Diariamente el cuerpo pierde agua a través de la realización de las  funciones vitales y que debemos reponer diariamente bebiendo de 2 a 2´5 litros de agua al día. Contamos con mecanismo a corto plazo para reponer las pérdidas mediante la extracción de agua de nuestras células  trasladándola a los vasos sanguíneos. Pero si no se repone inmediatamente puede conllevar serias consecuencias negativas para nuestra salud.
En la práctica deportiva la pérdida de agua y minerales se produce a través de la emisión del sudor. El caso de la práctica de la  natación no iba a ser diferente. A pesar de encontrarnos  sumergidos bajo el agua durante las sesiones de natación, la pérdida de agua y electrolitos también  sucede de igual manera.
Al estar rodeados por un  medio acuático nuestra sensación de la transpiración es menor y corremos mayor riesgo de deshidratarnos.
Existen factores con los que tendremos  que contar,  que harán variar nuestras necesidades haciéndolas mayores como la temperatura ambiental del medio en el que estemos entrenando, la humedad y la intensidad o duración de la sesión de entrenamiento.
Todo ello influirá en las pérdidas de líquido  y,  por lo tanto, tendremos que tener en cuenta todos los  factores a la hora de mantener cubiertas nuestras necesidades de agua.
A medida que la deshidratación progresa, el volumen de nuestro torrente sanguíneo decae, produciéndose una bajada de nuestra tensión arterial lo que pone en peligro la cantidad de sangre que llegará a nuestros músculos y tejidos, pudiendo llegar a acontecer la fatiga,  la alteración de la respiración,  aparición de sensación extrema  de sed, confusión, alteración de nuestra lucidez  mental  o la  falta de coordinación, lo que desembocará en la  caída de nuestro rendimiento deportivo pero, ¿Cómo podemos prevenirlo?.
Para evitar la deshidratación debemos beber abundantes líquidos y es recomendable aumentar el consumo de alimentos ricos en agua y minerales.

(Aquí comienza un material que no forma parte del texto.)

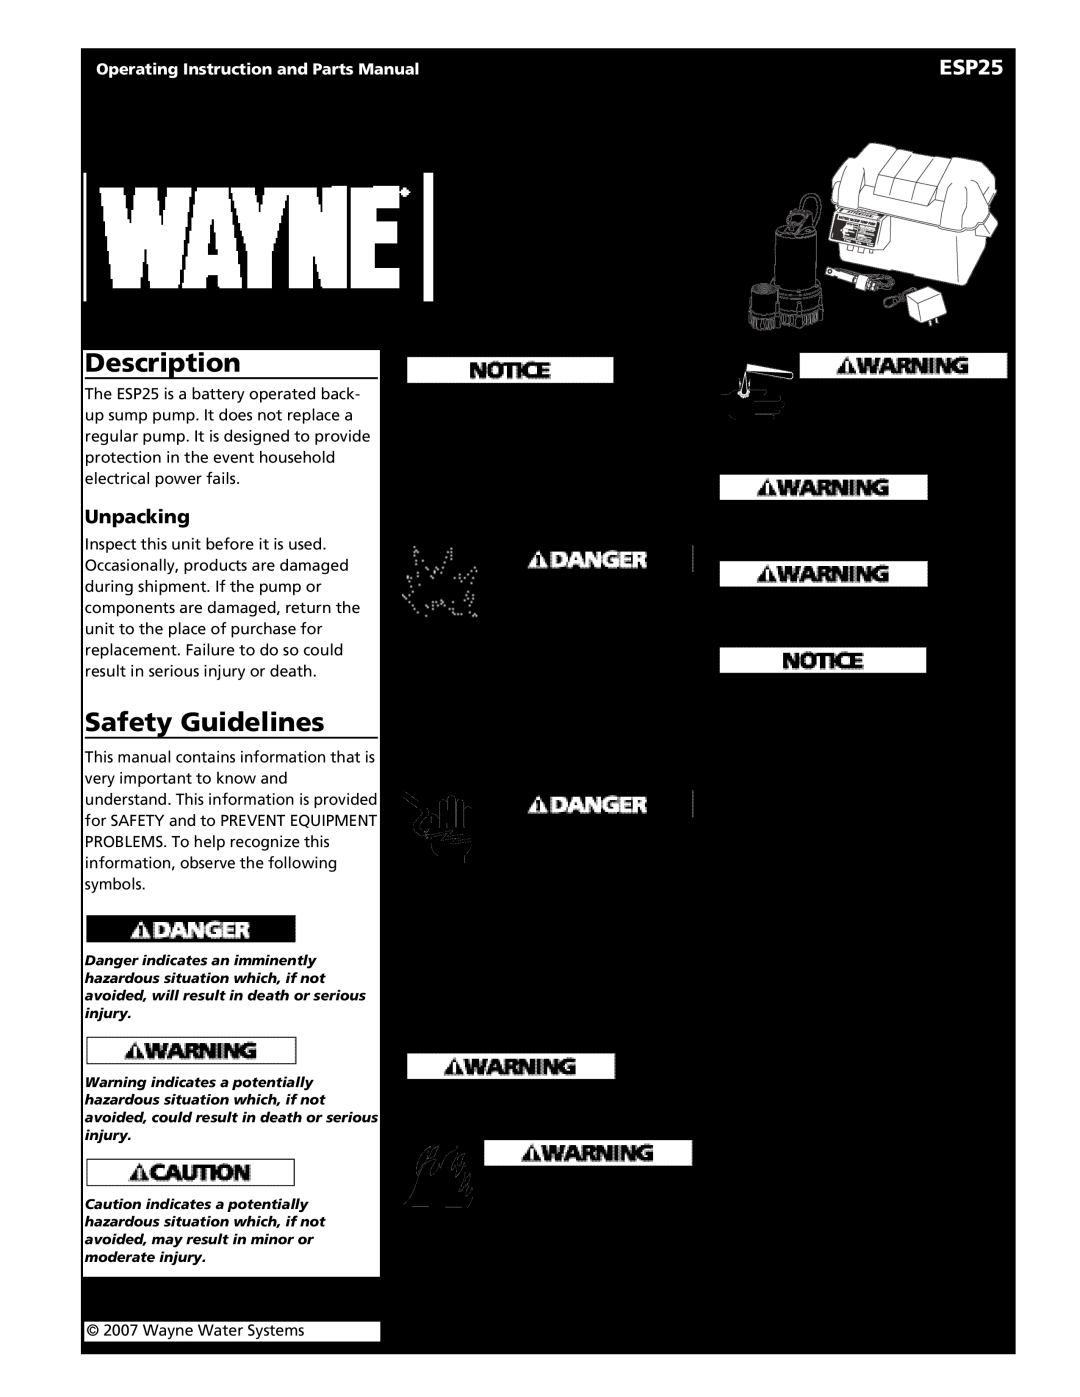 Wayne 352205-001 warranty Description, Safety Guidelines, General Safety Information, Battery Information, ESP25

Nunca  esperaremos a iniciar la sesión de entrenamiento para hidratarnos. Cuando aparece la sed significa que ya estamos deshidratados y ya será tarde.
En sesiones que preveamos que tengan una duración mayor a 30-40 minutos, será aconsejable escoger una bebida deportiva más especializada, isotónica  o de nueva generación más completa. Suponen una muy buena  alternativa que puede ayudarnos a reducir la sensación de esfuerzo deteniendo la deshidratación asociada al ejercicio rápidamente.
De esta manera, lograremos mantener la calidad de nuestros entrenamientos  y que la puesta en práctica de nuestros esfuerzos sea más eficaz y duradera, conduciéndonos a la obtención de los mejores resultados sin que los síntomas de la deshidratación nos detengan.